Кудеслав медленно шагнул – только не вперед, к мечу, а в сторону. Привалился к стене, засунул ладони за спину – будто опасался с их стороны какого-нибудь своеволия. Лишь после этого спросил – внятно, раздельно, без следа прежнего волнения в голосе:
– Это что ли ты сам его выдостал? Или кто из твоих?
Лисовин скривился пуще прежнего и заскреб ногтями подбородок, лохматя тщательно расчесанную умытую бороду.
– Надо оно тебе? – вздохнул он наконец. – Выдостали – и ладно. Ты, вместо чтоб доискиваться кто да как, лучше бы поблагодарствовал человеку за радение о твоей беде!
– Кому ж благодарствовать-то, ежели ты человека этого назвать не хочешь? – невесело усмехнулся Мечник.
Он уже догадывался, что за доброхот такой решил облагодетельствовать его возвратом оружия. И почему никак не удается принудить себя не то что коснуться, а даже подойти ближе ко вновь обретенной частице своей души – об этом он тоже начал догадываться.
– Да не хотел он… – промямлил в конце концов названный Кудеславов родитель, продолжая измываться над своей бородой. – Не хотел, чтоб ты знал… Сказал: "подумает… это ты, значит, подумаешь… будто я перед ним хвостом метеляю". Знать бы тебе, как вы оба мне надоели! То он норов тешил, теперь ты кобенишься… А я меж вами гляжусь дурень дурнем! У вас, вишь, норов, а я изворачивайся да бреши…
– Ну, я-то не стану просить тебя о вранье, – выговорил Мечник все с той же усталой улыбкой.
– Еще бы и ты!.. – вскинулся Велимир.
– Будь милостив, – Кудеслав пропустил Лисовиново возмущение мимо ушей, – будь милостив, оставь меч у себя. По нынешним здешним делам глядишь, и пригодится… А ежели духи-охранители все-таки не позволят случиться этакой надобности, то выторгуй за него побольше. Ты ведь знаешь: цену ему и нынче-то сложить трудно, а в наших краях ей – цене то есть – расти да расти.
– Ах все-таки в НАШИХ краях? – негромко спросил Лисовин.

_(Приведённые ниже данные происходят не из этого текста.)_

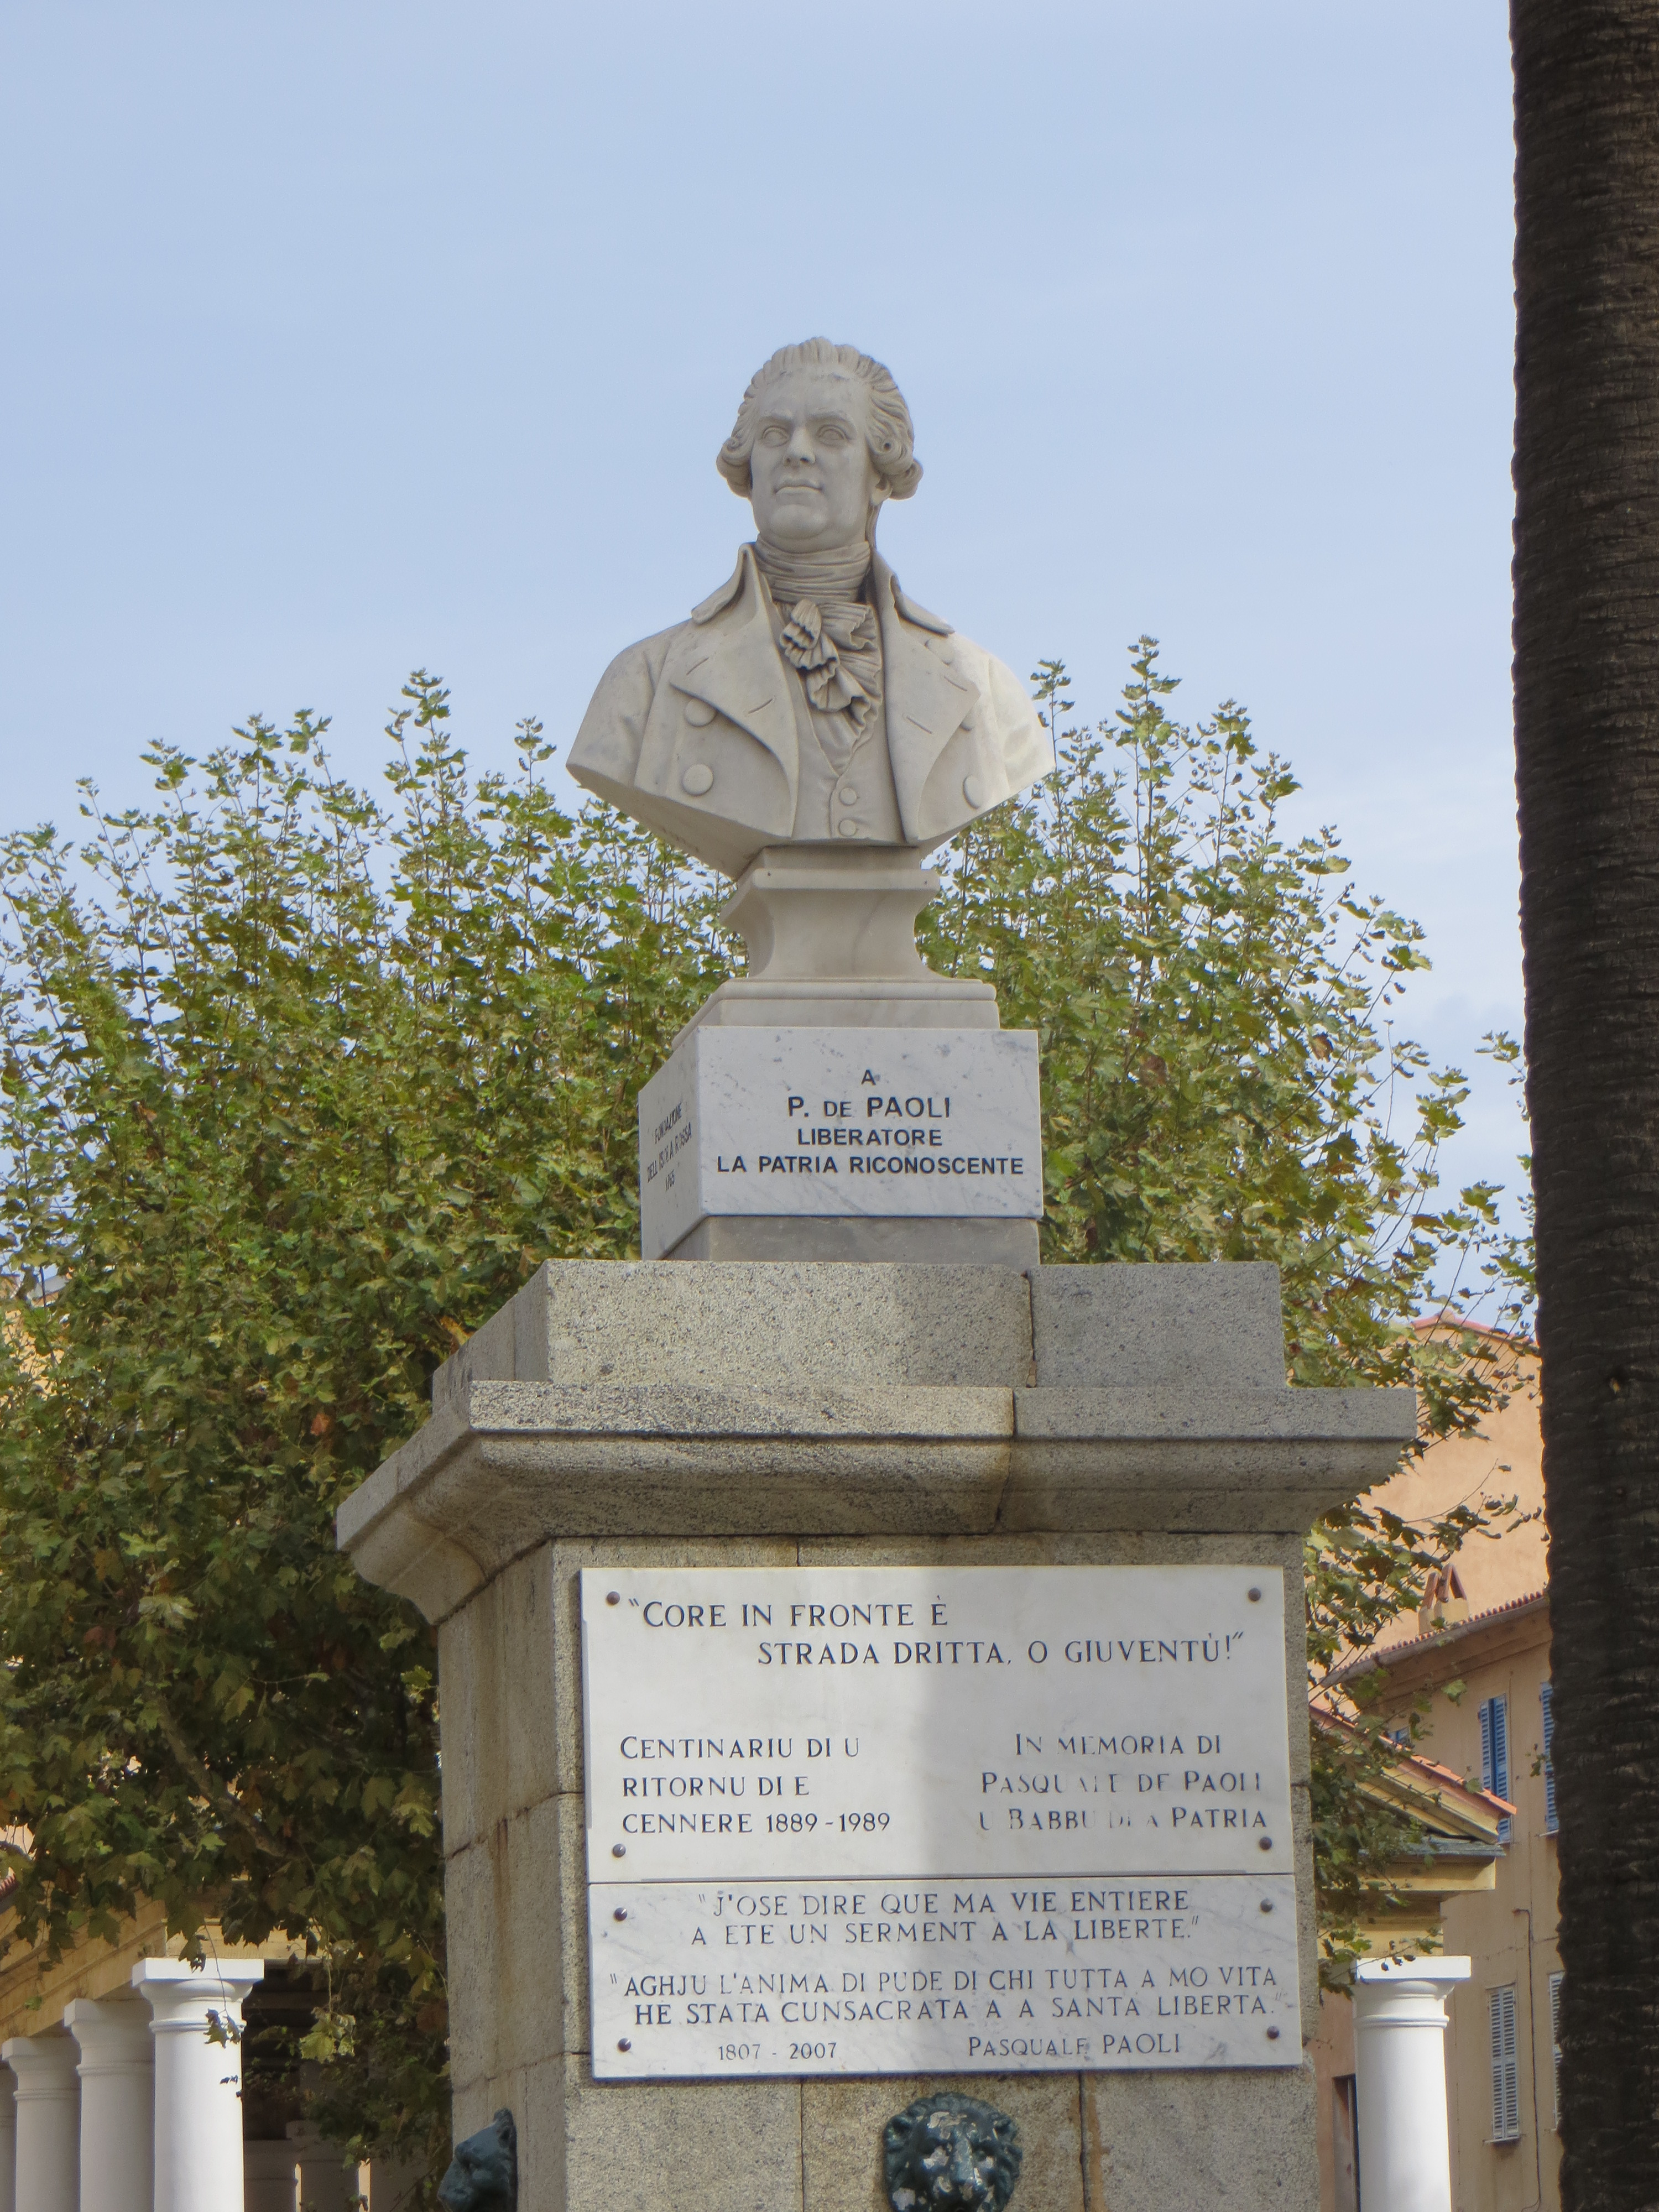 Pasquale Paoli bust

И снова Мечник будто бы не расслышал слов названного родителя:
– Белоконю же, коль сочтешь надобным что-либо объяснить, скажи (только не прежде моего отъезда): Кудеслав-де каверзу твою распознал с единого взгляда и даже пальцем к мечу не притронулся. Понял?
– Пускай меня Черный Перун сей же миг молоньями пришибет, ежели я хоть что-то сумел понять! – мрачно сказал Велимир.
Кудеслав и сам не шибко-то многое понимал. К примеру, ему так и не удалось понять, что именно он почувствовал, глянув на меч. Он почувствовал НЕЧТО, и этого хватило. Возможно, Мечник унаследовал дар отца-облакопрогонителя не в достаточной мере, чтобы самому творить ведовство, однако же распознавать чужие заклятия, да еще столь могучие – в этом своем уменьи Кудеслав был твердо уверен. И еще он знал: через вещь можно подвести ее хозяина под порчу. А можно и под чужую волю. И чем вещь для хозяина любимее да желанней, тем крепче выйдет насланное через нее.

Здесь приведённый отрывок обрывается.